Tre le persone arrestate e beni per oltre 700 mila euro sequestrati ai 151 soggetti indagati
La Guardia di Finanza di Reggio Calabria ha arrestato tre persone e posto sotto sequestro beni per oltre 700 mila euro nei confronti di 151 soggetti indagati per reati di associazione a delinquere, truffa ai danni dello Stato, falso, sostituzione di persona, accesso abusivo a sistema informatico.
Le indagini, partite nel 2019, hanno permesso di scoprire un’articolata associazione a delinquere dedita alla commissione di condotte illecite che hanno causato un danno all’Agenzia delle Entrate, consentendo agli indagati di percepire rimborsi IRPEF non spettanti.
Una segnalazione della Direzione Provinciale dell’Agenzia delle Entrate di Reggio Calabria, metteva in evidenza diverse anomalie sulla compilazione di alcune dichiarazioni fiscali, ha portato le Fiamme Gialle reggine ad indagare, ed è stato scopeto che gli arrestati acquisivano le credenziali di accesso ai servizi telematici dei contribuenti, o tramite il coinvolgimento di pubblici ufficiali infedeli o ottenute mediante la diretta comunicazione da parte dei contribuenti stessi, molti ignari del loro coinvolgimento, in questo modo riuscivano a sostituirsi a questi ultimi, a inserire le relative dichiarazioni, a gestire le pratiche di rimborso e a verificarne il buon esito.
L’organizzazione era di tipo verticistico, con a capo i tre arrestati, quindi c’erano altri soggetti “intermediari” che avevano il compito di “procacciare” i contribuenti da coinvolgere, agendo secondo una precisa spartizione territoriale, ed infine alcuni contribuenti che, dietro la proposta di denaro facile sotto forma di rimborsi, accettavano fornire i propri dati personali, le credenziali di accesso al portale dell’Agenzia delle Entrate e la documentazione necessaria alla presentazione delle dichiarazioni fiscali fraudolente.

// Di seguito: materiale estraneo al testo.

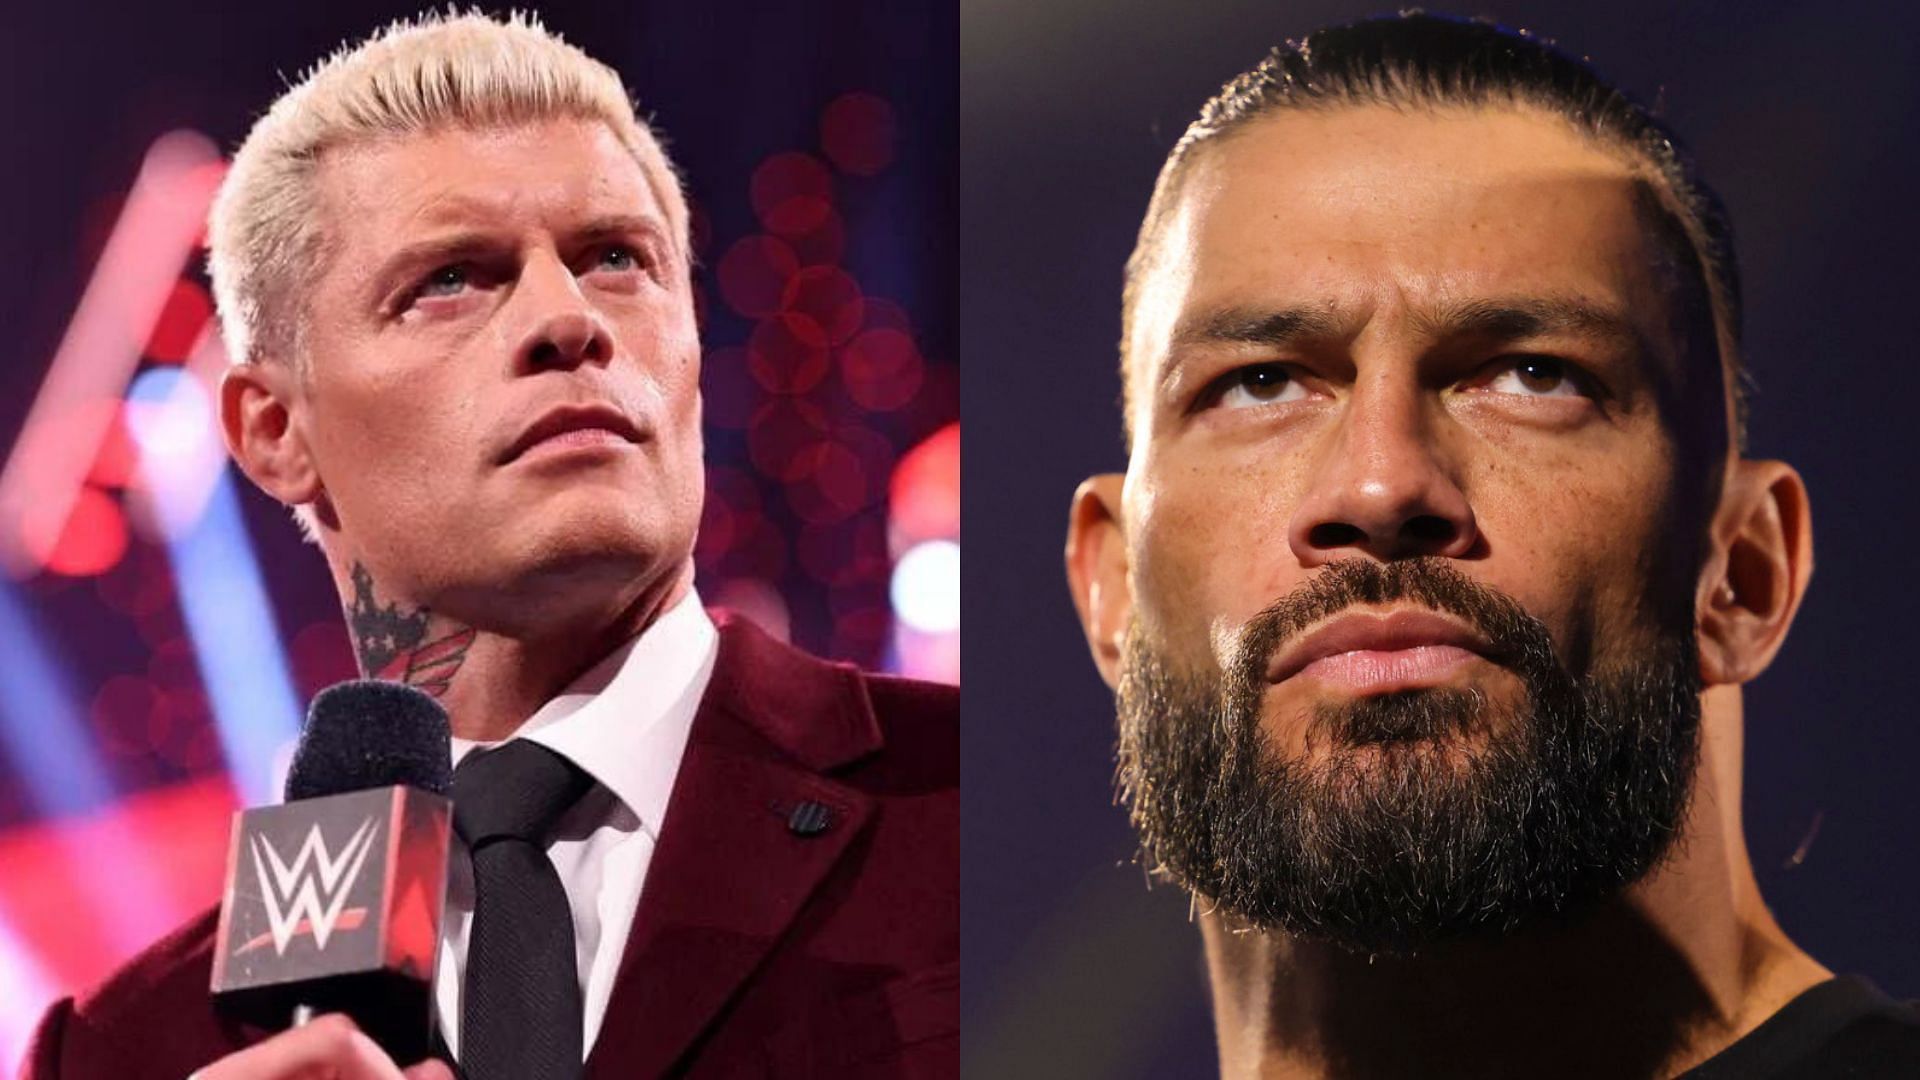 Rhodes and Reigns had an epic rivalry earlier this year.

Questi ultimi erano selezionati tra parenti o amici degli stessi procacciatori o nell’ambito di intere categorie di soggetti come alcune associazioni di pescatori dell’area tirrenica, i dipendenti di alcune società a partecipazione statale e i dipendenti di talune aziende operanti in aree portuali calabresi.
Gli organizzatori del meccanismo fraudolento provvedevano ad alterare le dichiarazioni fiscali attraverso diverse modalità, quali l’indicazione, nell’elenco dei familiari a carico, di soggetti (coniuge, figlio, figlio con disabilità) appartenenti di fatto ad altro nucleo familiare e/o comunque non riconducibili al dichiarante, ovvero di cittadini italiani cancellati dall’Anagrafe dei comuni italiani e iscritti all’A.I.R.E (Anagrafe Italiani Residenti all’Estero); l’inserimento di spese sanitarie, spesso anche di ingente entità, inesistenti e/o non giustificabili dal dichiarante; la richiesta di rimborsi IRPEF in relazione a ritenute fittiziamente subite con riguardo a redditi falsamente percepiti.
I vertici del sodalizio, per non essere individuati, adottavano una serie di accorgimenti, come ad esempio, l’assenza di contatti diretti con i contribuenti finali, in modo da salvaguardare la propria identità, oppure l’utilizzo di una rete di operatori CAF inesistenti dislocati sul territorio con l’apertura di veri e propri centri di raccolta che, accreditati presso sigle sindacali nazionali, nei fatti si rivelavano invece fittizi e servivano solo alla trasmissione dei modelli dichiarativi fraudolenti. Inoltre, allo scopo di ridurre al massimo il rischio di essere scoperti, il rimborso indebitamente richiesto e ottenuto veniva sempre limitato ad una somma inferiore a euro 4.000, che è poi il limite oltre il quale è prevista l’attivazione delle procedure automatizzate di controllo in tema di dichiarazioni dei redditi.
Questo sistema, che nel tempo si era ramificato su un vasto territorio della provincia di Reggio Calabria, aveva raggiunto una portata talmente ampia da attirare anche l’attenzione di alcune cosche di ‘ndrangheta, in particolare di quella dei Pisano detti “i Diavoli”, egemone nella piana di Gioia Tauro, tanto che per ogni rimborso non dovuto, ciascun soggetto restituiva al sodalizio il 40% del percepito, trattenendo per sé il restante 60%.
In tutto sono stati trovati 1.200 modelli dichiarativi infedeli, relativi agli anni di imposta dal 2016 al 2022, che hanno consentito indebiti rimborsi per un importo complessivo pari ad oltre 700 mila euro.